MANNING: Well, probably the same reason why I hesitated, which is, you know, an opportunity, a career. Being in the military and being an intelligence in itself, is a lifestyle, it’s not just a career. There really is this entire worldview of, ‘I work in this field’ and this becomes part of your identity and part of who you are. And that’s much deeper than just being a job.
PRIME: So in addition to losing your career, you get court-martialed and sentenced to 35 years, actually the harshest sentence for anyone who’d ever leaked classified documents, during all of this time, you’re also struggling with your your gender identity, your sexual identity. And so even on that day, in the bookstore, when you’re uploading the documents, you take a picture of yourself with a wig and makeup.
PRIME: And you write about gender dysphoria and you say that it was ‘like a toothache that never goes away. You’re not always consciously thinking about it, but it’s this persistent thing that you can’t totally shake that keeps holding you back.’ When was the first time that you thought about changing your gender?
MANNING: Yeah.

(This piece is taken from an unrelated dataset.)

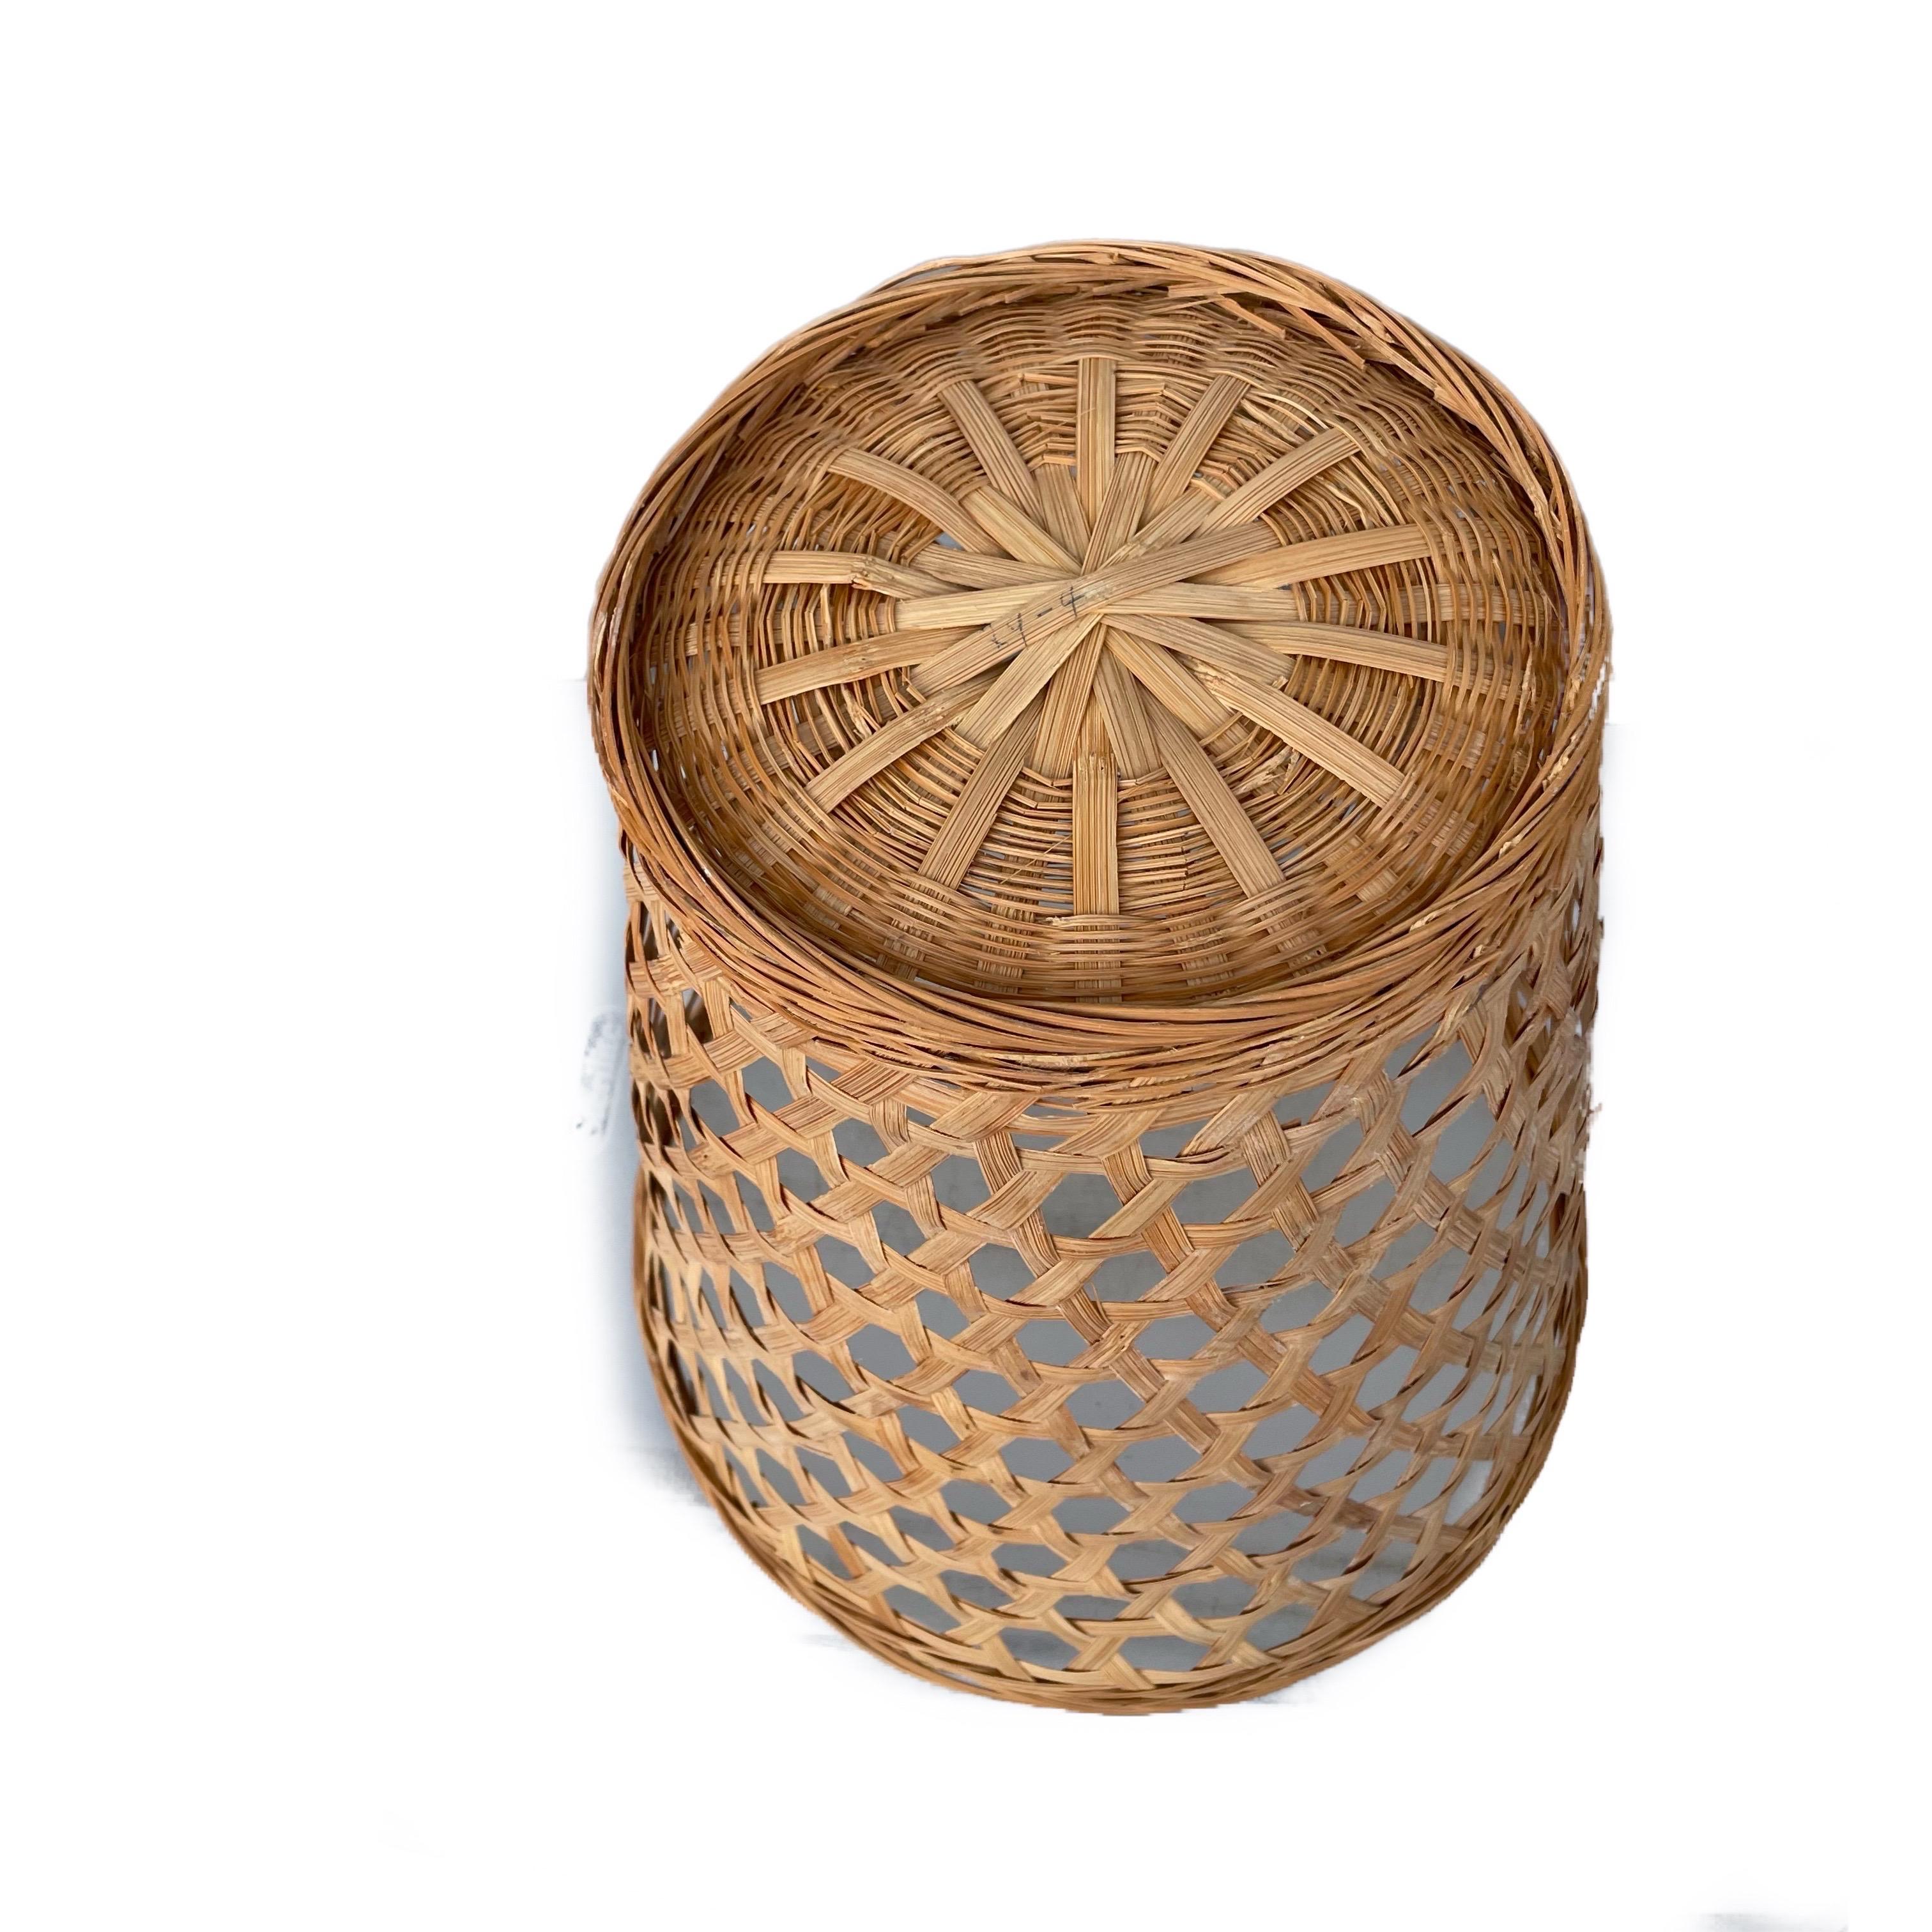 Philippine 20th Century Open Weave Wicker Wastebasket or Trash Can For Sale

I didn’t realize it was an option until my twenties, right? I didn’t realize that you could seek access to care, that you could get hormone treatment, that you could get therapy, that you know, surgical options were available. I just didn’t realize that, even though I knew I was different at a very young age.
It wasn’t until I was in the military, and I’d been in the military for a few years. By the time I was deployed to Iraq, I knew for certain that this was the path that I knew that I need to take in order to survive.
PRIME: And I’d like to read the book dedication. It says, ‘this book is dedicated to the brave trans kids who struggle to live as themselves in a hostile world. You make me proud.’
PRIME: What is your message, beyond that, to trans kids right now who are struggling and feeling uncomfortable, perhaps, in their own skin?
MANNING: I went through that experience as a kid, I know what you’re going through very deeply. And I’m thankful that kids are able to even know this kind of information because I didn’t when I was that age. I just needed someone to tell me that I was loved and appreciated for who I am. And that’s all I want to say. ‘You are loved, you are appreciated, and that there is a community.’
We had a progressive moment in the last decade where we’ve been able to make advances, and find ourselves and find our community. We may lose some of that in the next few years, and that’s unfortunate but also we’re survivors and we can make it through.
I’ve seen resiliency, and survivability, and solidarity. Many of these laws that have popped up and these quote unquote debates that have popped up are going to roll back some of the progress of the last decade, that’s not the end of the story.